A: A horizontal take off from one side will work adequately. A slight slope (1:10) up to the tapping points will ensure any air bubbles can be displaced.
The Rosemount conditioning plates DO work, and I have had several installations immediately downstream from pump/check valve assemblies (6 D, 2D) which checked well against a turbine meter - minimum-flow installation within a piping layout that forgot the meter runs!
Permanent loss is close to that of a single orifice with the same nominal beta and dp. The sizing equation gives this.
Ian H. Gibson
A: Use the Darcy Equation (an approximation only, because velocity immediately at the outlet of the orifice is unknown. Normal calculation of outlet velocity is based on mature velocity profile, such as at 10D downstream of orifice):
[(2.gc.144.ΔP) / ρ] = 1.5 v2
where v is the inlet velocity in feet/second
P is pressure in psi
ΔP is pressure drop in psi
p is density in lbm/ft3
gc is universal gravitational constant, 32.2 (lbm ft)/(lbf.s2)
1.5 is the loss coefficient of the orifice plate with 4 holes. (Reference to Crane Technical Publication 410, inlet loss coefficient of sudden contraction is 0.5; outlet loss coefficient of sudden expansion is 1).
These four holes are in parallel. Therefore, their effective loss coefficient equals to that of one orifice (of equivalent hydraulic radius due to the four holes).
The loss coefficient due to line loss is usually negligible compared to the loss coefficient of the orifice.
Additionally, note that the orifice plate with four holes was not in any approved standard.
I hope to see experiments showing 4D is all that is required for establishing mature velocity profile for the orifice plate with 4 holes.
Gerald Liu, P. Eng.
A: To connect the DP transmitter to the orifice plate for all liquids, the connection must be under the midpoint of the pipe to avoid air/gas entrapment in the sensing line.
All meters will require some upstream and downstream pipe sizing. With flow conditioners, you can reduce the upstream/downstream lengths to minimal lengths, but still some.
The orifice arrangement by Emerson/Rosemount has a flow conditioner in the orifice plate holder arrangement. The accuracy in such a flow transmitter will be dependent on the stability of the flow as well as having as little variation as possible of the process variables. The conditioner compensates for upstream and downstream lengths in the conditioning section, which is generally much less than the standard upstream and downstream pipe lengths.
One thing to take into consideration is that such a conditioning element, be it a flow conditioner, flow vanes, etc., will make the transmitter/orifice plate arrangement more expensive, but with your constraints of dimensions it might be worth it.
A: If you use a DP with remote diaphragm seals/capillaries and flanged tappings on the orifice flanges, you can mount above the orifice.
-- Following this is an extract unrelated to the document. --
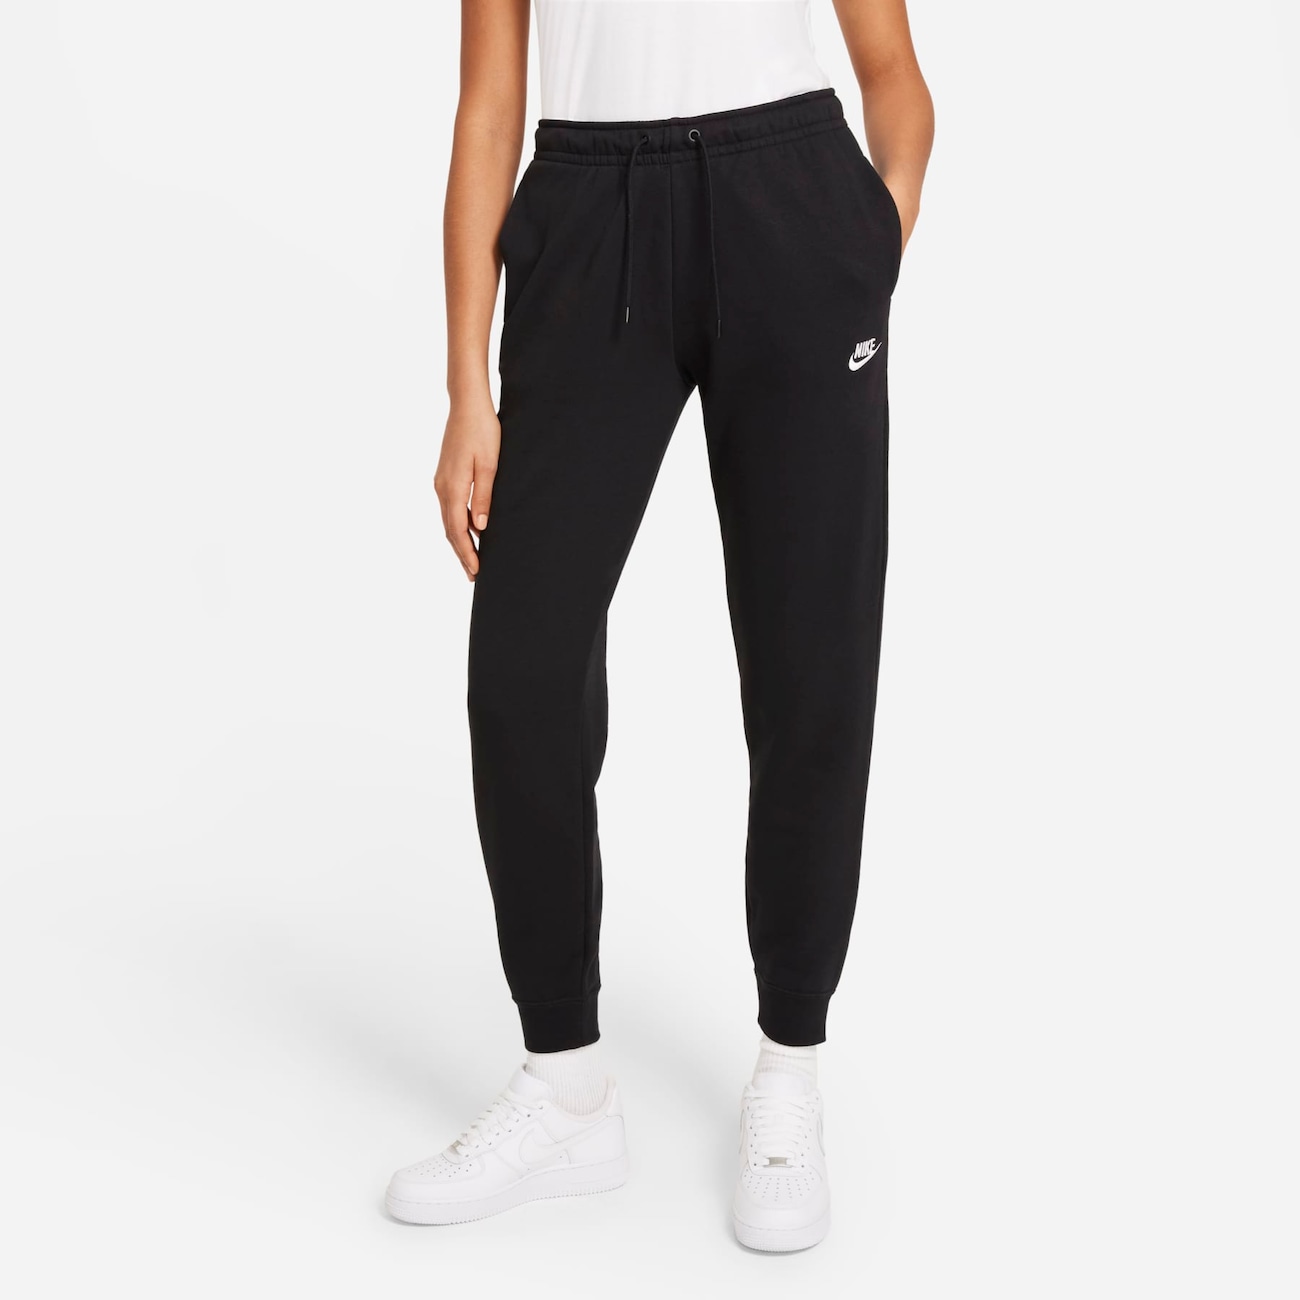 Calça Nike Sportswear Essential Feminina

You would have the tappings coming off the sides.
Discuss with the vendor, who would have the sizing program. This would be a specialist sizing program developed by the vendor and is not covered by industry standards or a generalized sizing program.
A: I have not personally had an issue with not having the pipe tap below the pipe, but we once had a major issue with the lack of free pipe downstream. We had 4-5 D straight pipe downstream and then a 90° bend. The D/P cell told us we had reverse flow of water, which could not happen in a 500-PSI pressurized system. The eddy currents at the elbow really messed up the flow measurements.